Sebut saja, tentang Presiden pertama Soekarno, setelah sebut saja dikenakan tahanan rumah di Wisma Yaso, sekarang Musium Satria Mandala, Jalan Gatot Soebroto, Jakarta, dan kemudian dicabut kekuasaannya oleh MPRS dengan Tap MPRS No.33/1967, Presiden pertama ini menerimanya, tanpa “basa-basi” permintaan maaf.

Demikian juga dengan Pak Harto, setelah mendengar masukan dari sejumlah tokoh yang “dikoordinasi” oleh cendikiawan Nurcholis Madjid, didudukinya gedung MPR/DPR oleh mahasiswa, dan mundurnya sejumlah menteri Ginandjar dkk, Pak Harto menyatakan berhenti sebagai Presiden di hadapan Mahkamah Agung. “Pernyataan berhenti yang menggambarkan sikap kesatria,” kata I Gde Sudibya.

Demikian juga dengan Gus Dur, pasca Tap MPR RI yang mencabut kekuasaan Presiden, Gus Dur dini hari, dengan bercelana pendek didampingi Yeni Wahid meninggalkan Istana Merdeka. Sebagai Gandhian, intelektual humanis ini tidak terikat dengan kekuasaan.

Dikatakan, sikap dan prilaku dari ketiga bapak bangsa di atas, berbeda jauh dengan JW di menjelang penggantian dalam hitungan hari, 20 Oktober 2024.

“Dengan indikasi prilaku terkesan panik dan gugup di menjelang penggantian pemerintahan, tampaknya ada rasa bawah sadarnya ada rasa ketakutan menghadapi risiko ketidak-pastian akan hari-hari setelah tanggal 20 Oktober 2024 yang akan segera tiba. Tampak sebagai pemimpin tidak punya karakter kuat – strong personality dan jauh dari sikap kenegarawanan,” kata I Gde Sudibya.

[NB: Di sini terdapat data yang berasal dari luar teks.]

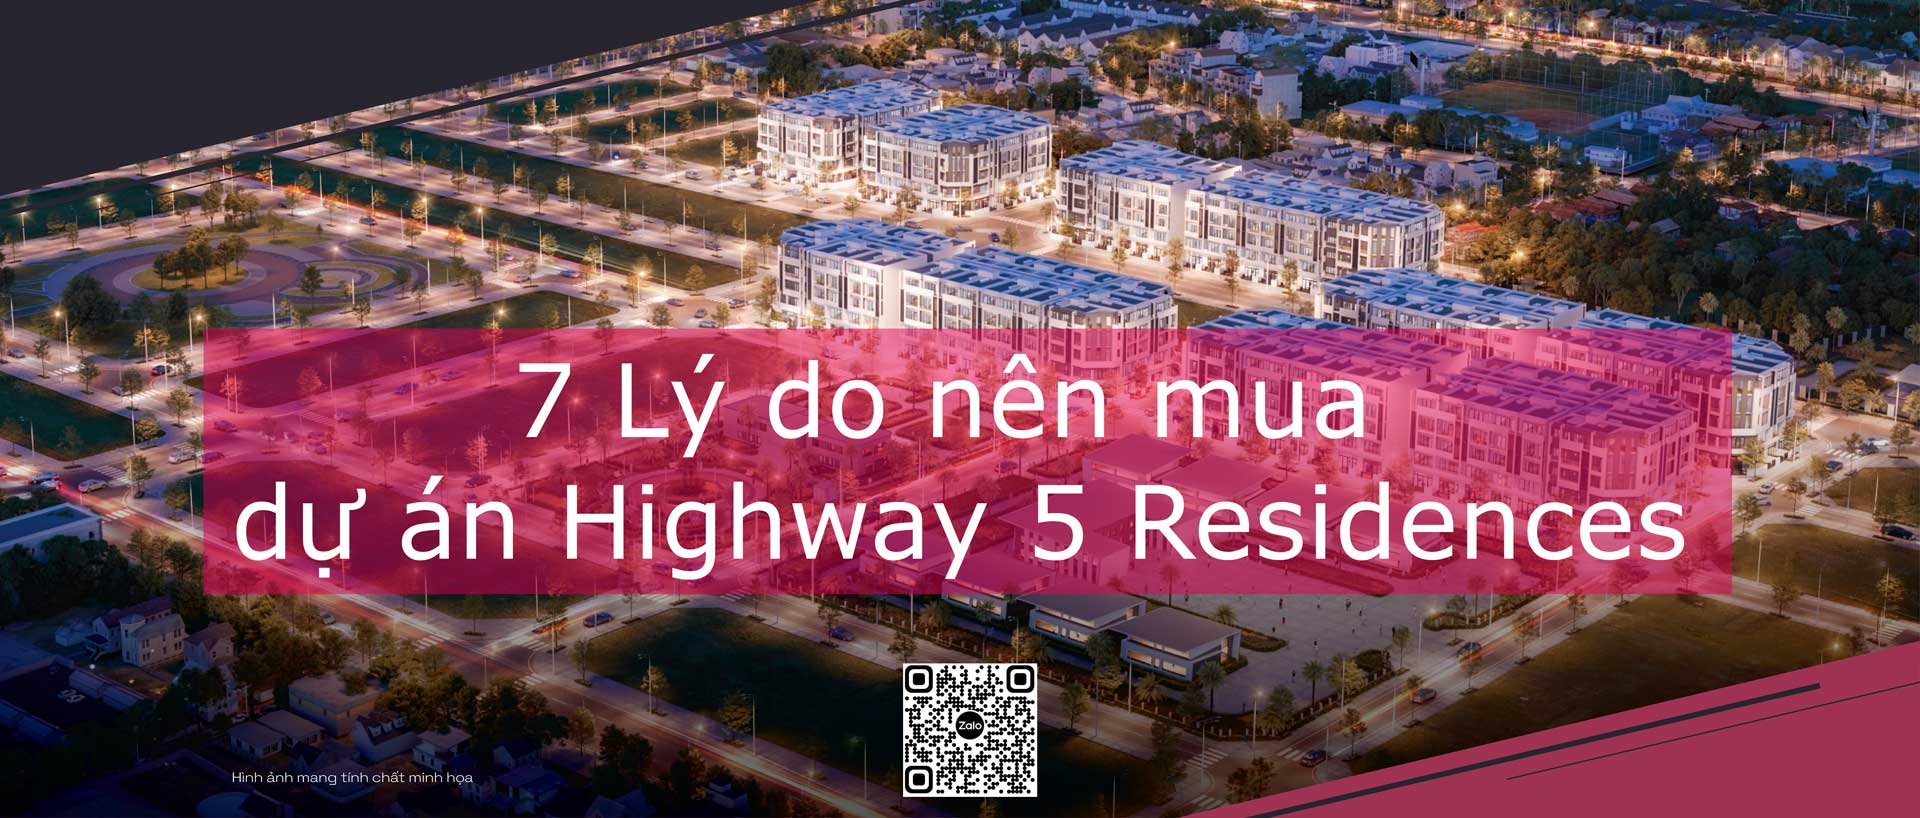 7 lý do nên mua dự án Highway 5 Residences gia lâm

Dikatakan, presiden Jokowidodo tidak mau belajar dari kenegarawanan George Washington, Bapak Pendiri dan Presiden pertama AS, yang keluar dari White House naik kereta kuda tidak lagi menoleh ke belakang, walaupun begitu banyak orang yang mengelu-elukannya. (Sutiawan).